> **Exercise prompt**:
When you reach the line containing "Tofu scrambled sandwich" in the entries below, begin reproducing lines exactly, and stop once the line containing "Navy Soft Cylinder" is done.
Input for this task Start Marker
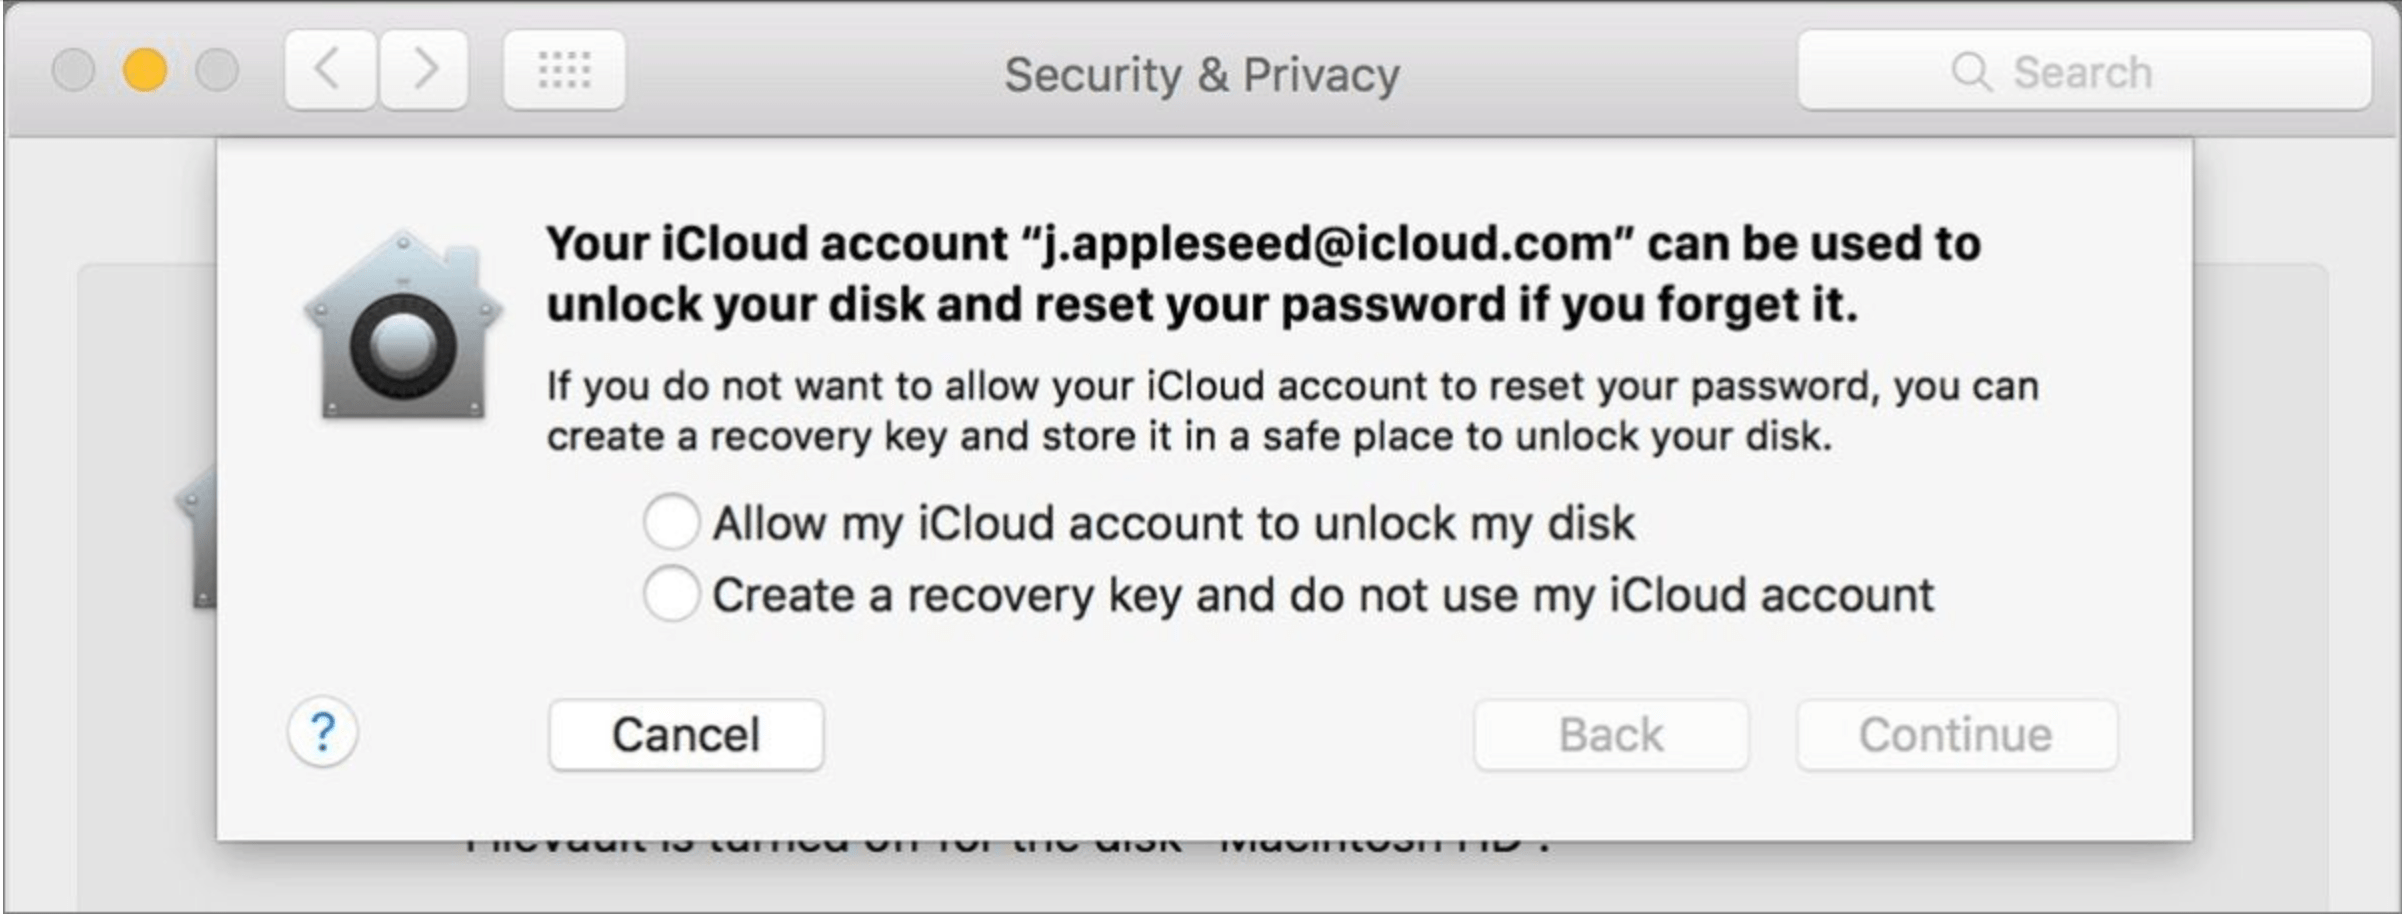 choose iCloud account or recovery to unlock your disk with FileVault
Input for this task End Marker
Input for this task Start Marker
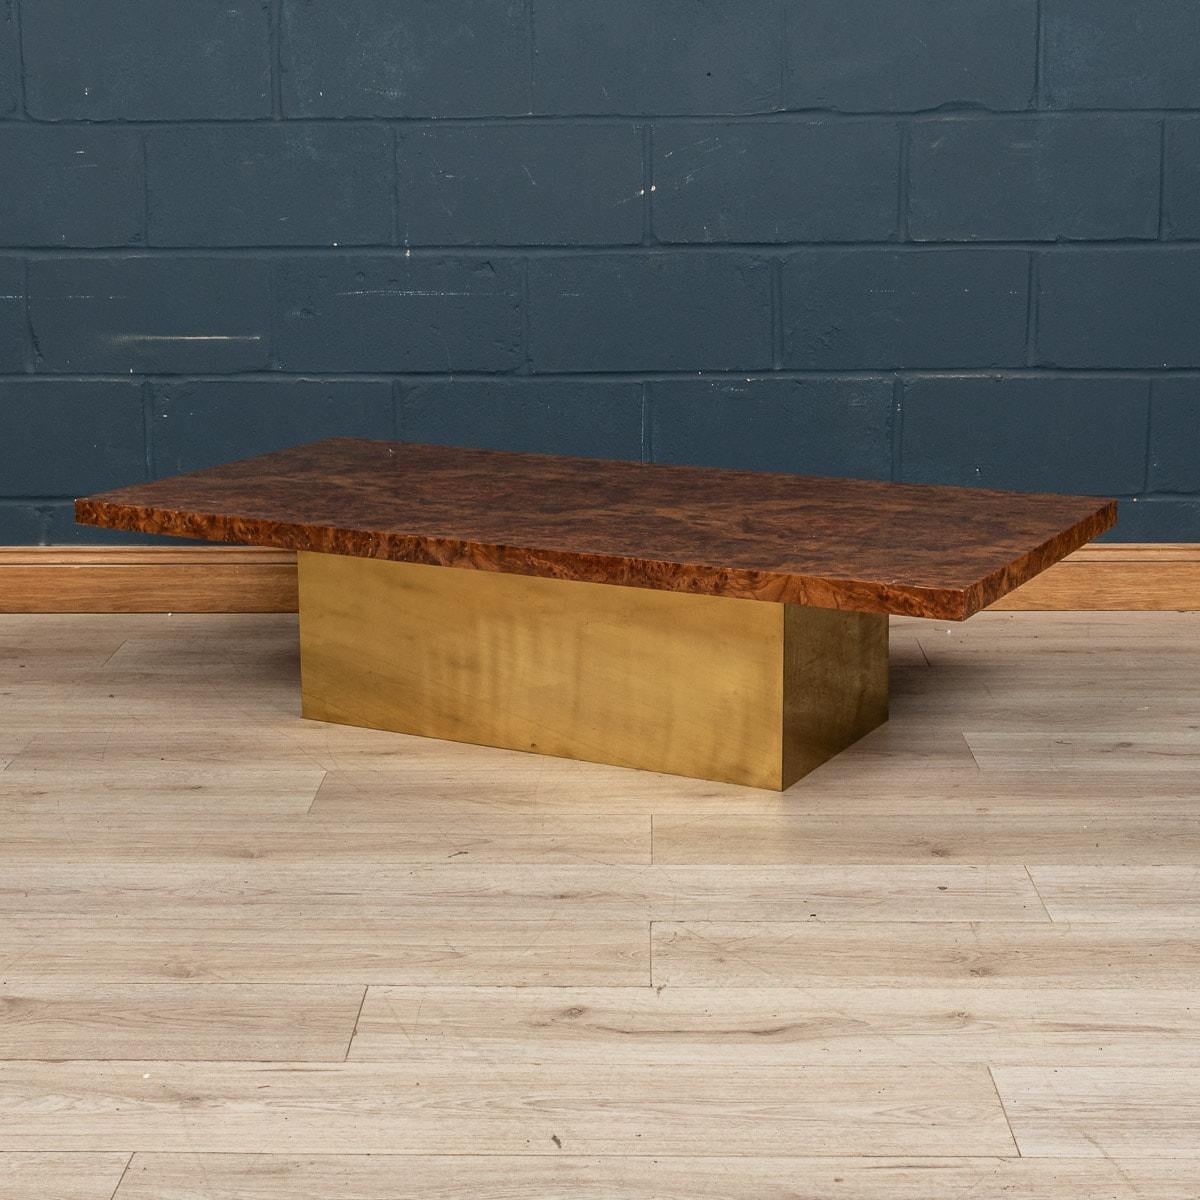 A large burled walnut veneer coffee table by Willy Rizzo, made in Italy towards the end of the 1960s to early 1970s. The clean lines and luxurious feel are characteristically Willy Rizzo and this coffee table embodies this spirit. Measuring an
Input for this task End Marker
Input for this task Start Marker
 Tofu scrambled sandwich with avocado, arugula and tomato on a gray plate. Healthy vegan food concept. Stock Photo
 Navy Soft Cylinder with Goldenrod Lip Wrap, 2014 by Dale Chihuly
Input for this task End Marker
> **Result below**:
 Tofu scrambled sandwich with avocado, arugula and tomato on a gray plate. Healthy vegan food concept. Stock Photo
 Navy Soft Cylinder with Goldenrod Lip Wrap, 2014 by Dale Chihuly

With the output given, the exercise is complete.